**Recorded information:**

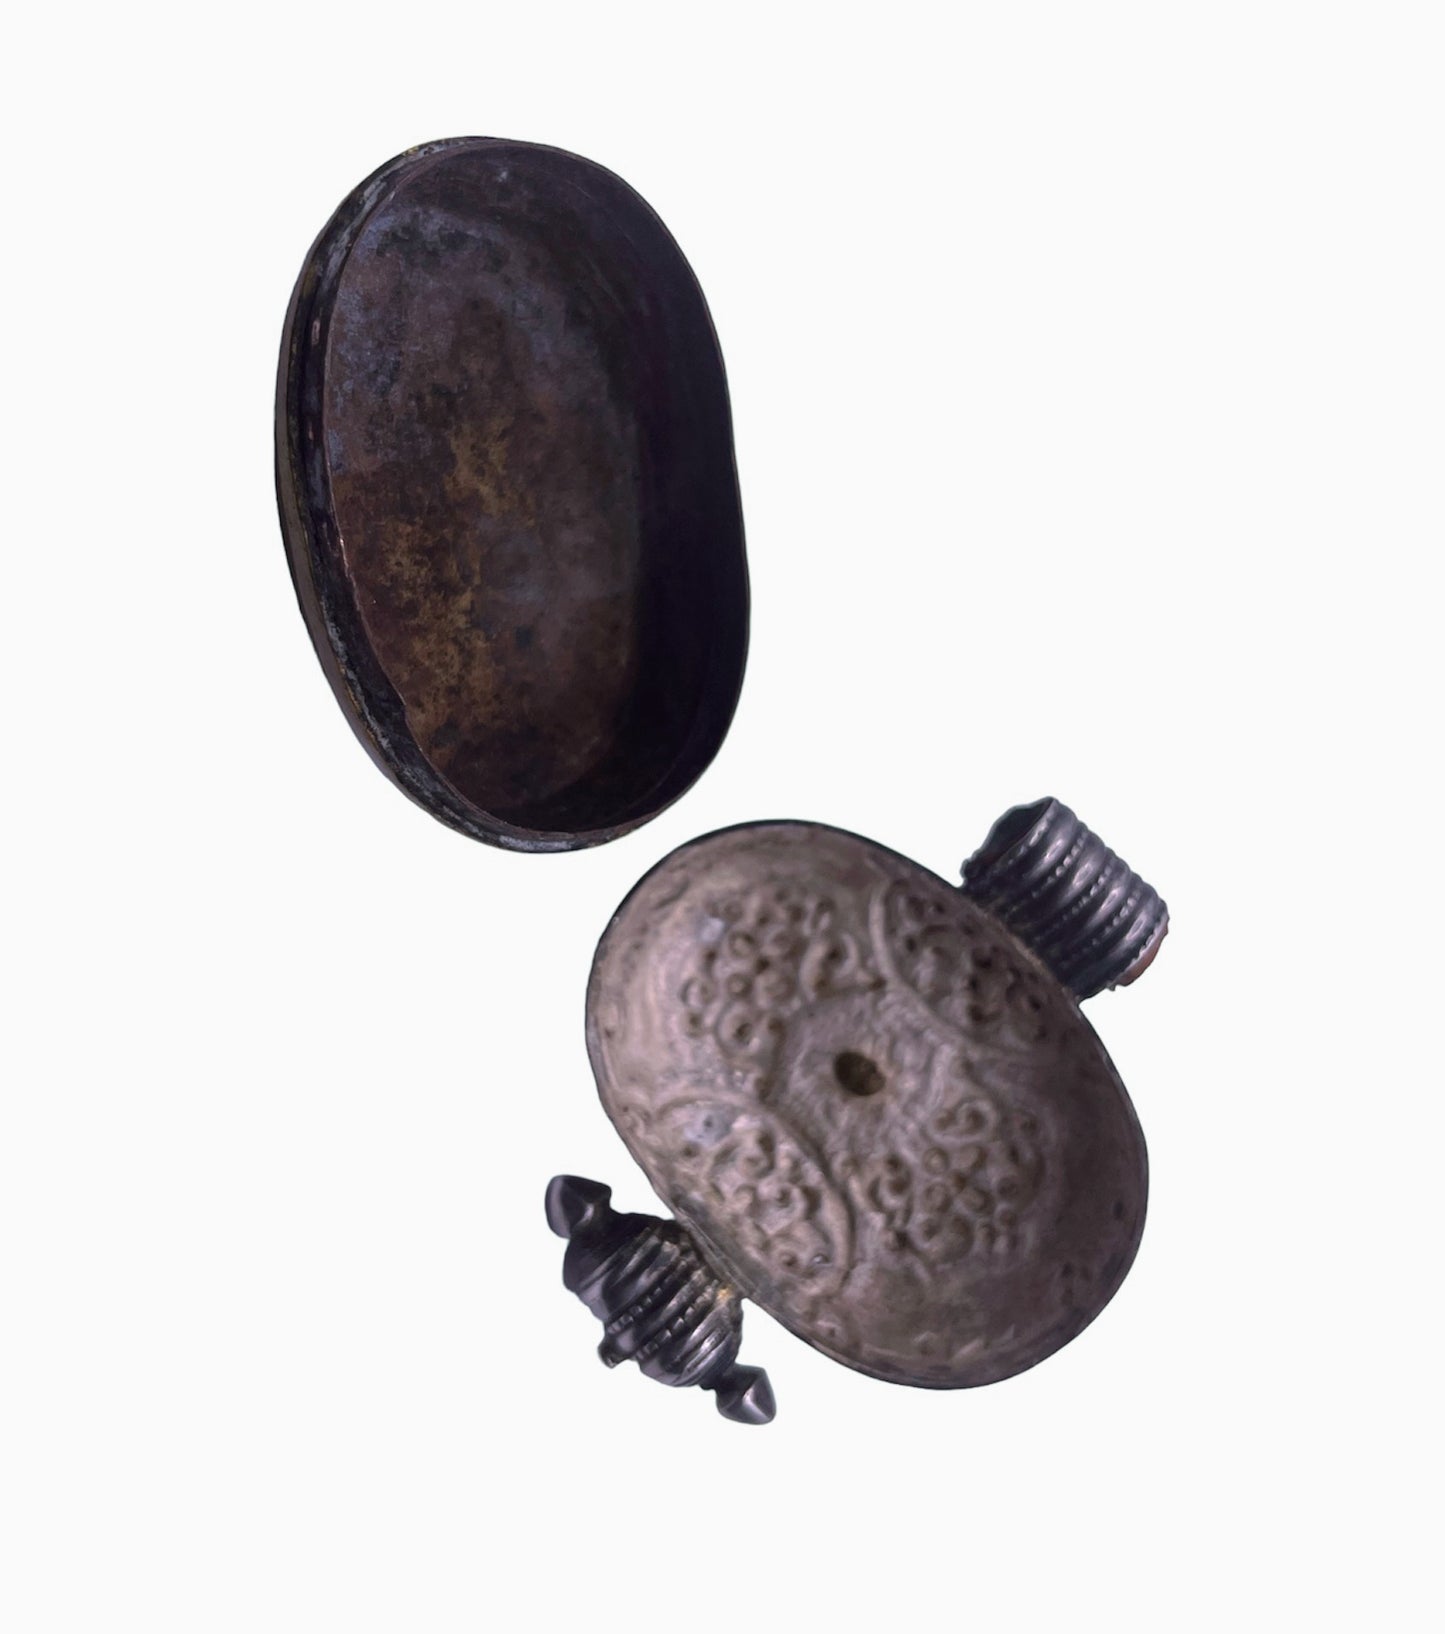 An antique silver and coral ghau amulet
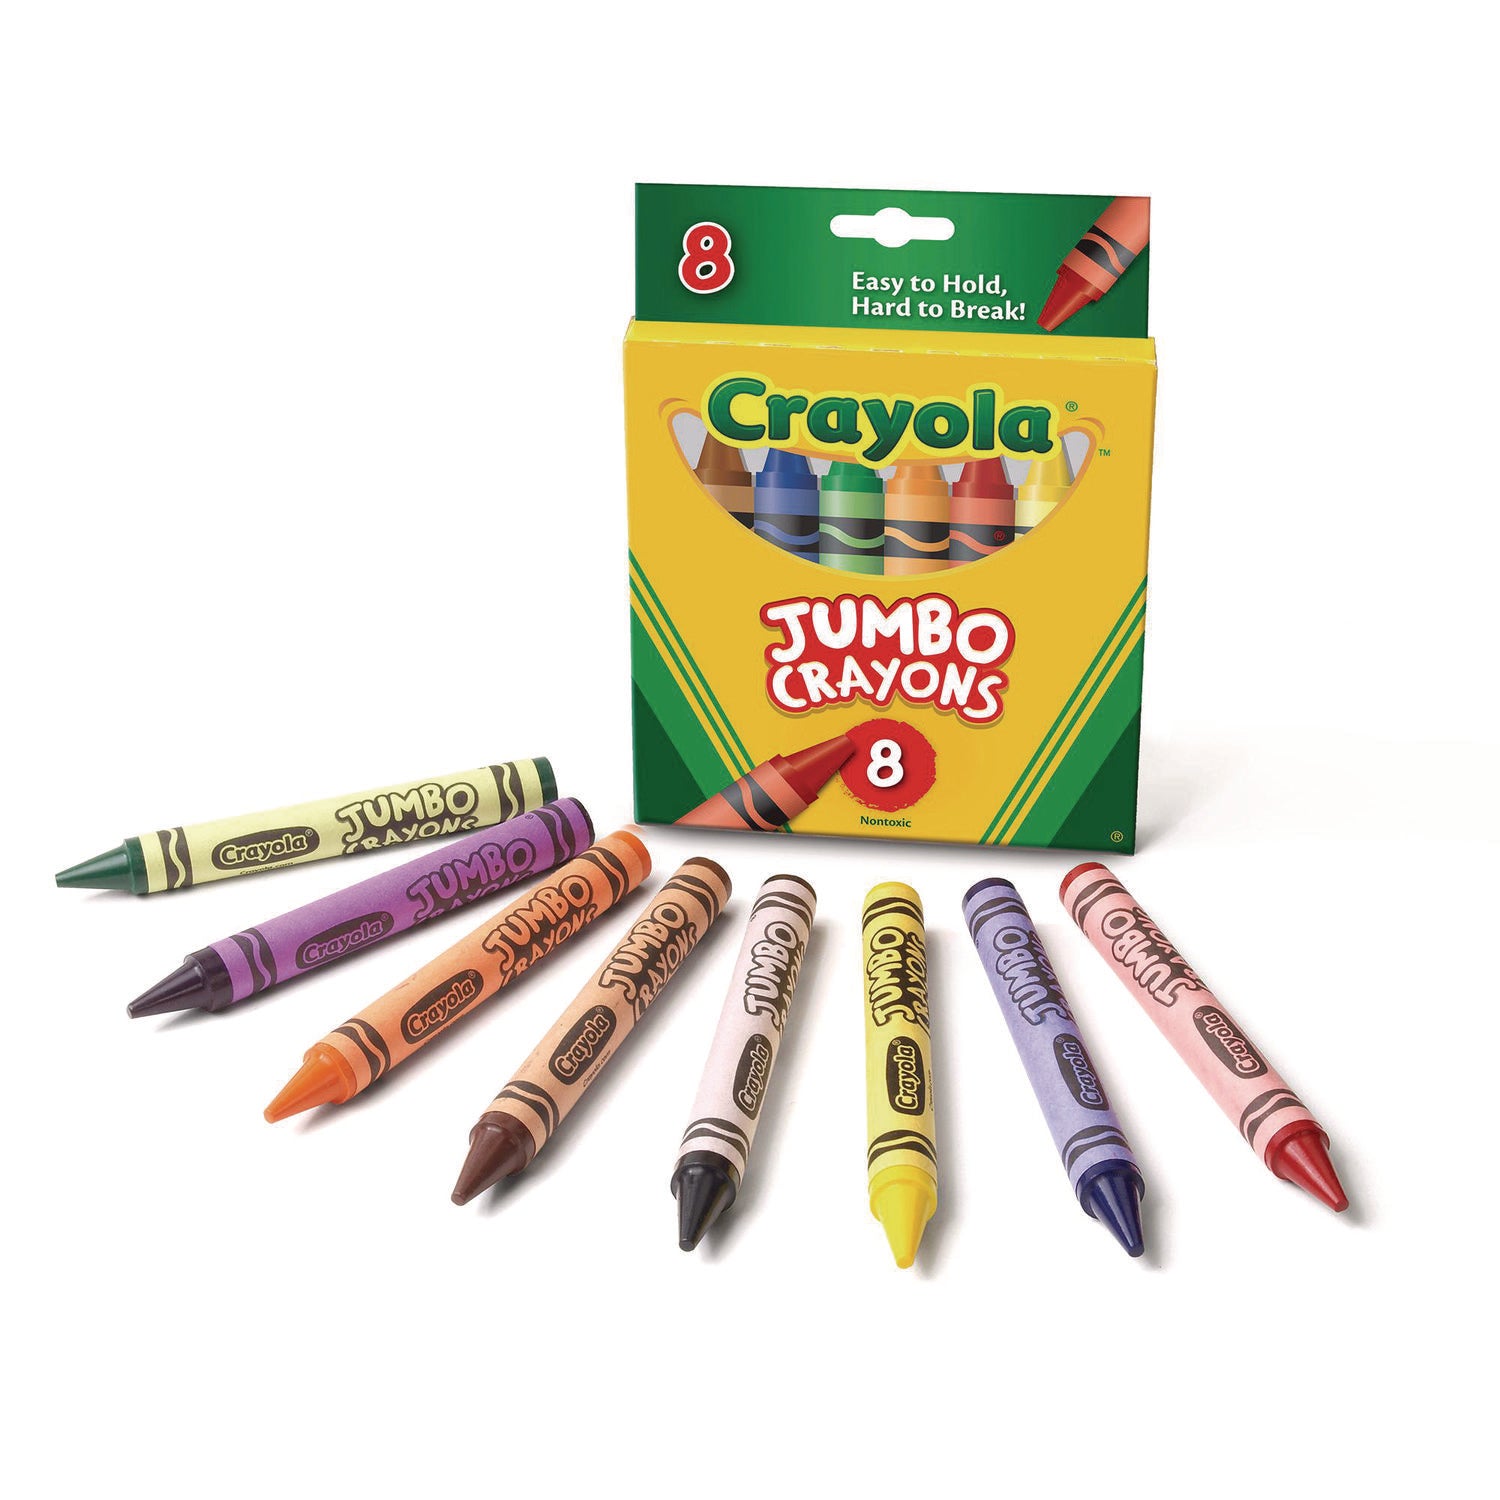 Jumbo Crayons, Assorted Colors, 8/Box - 2
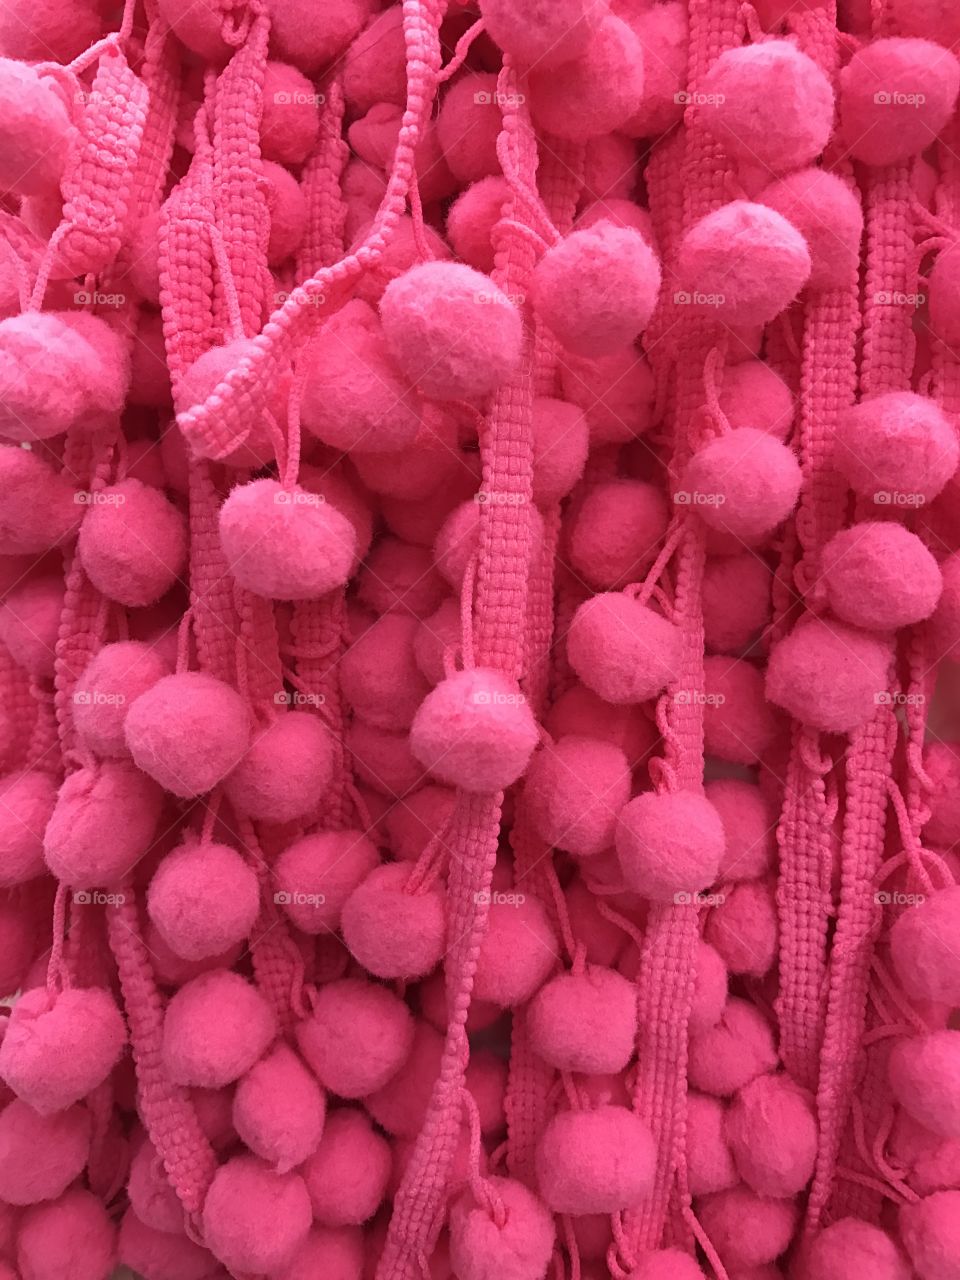 Close-up of pink pompoms

**Requirement:**
Beginning with the line where "Jumbo Crayons, Assorted Colors, 8/Box - 2" appears, restate word for word every line down to the last one in the data, but keep the pictures out.

**Finished exercise:**
 Jumbo Crayons, Assorted Colors, 8/Box - 2
 Close-up of pink pompoms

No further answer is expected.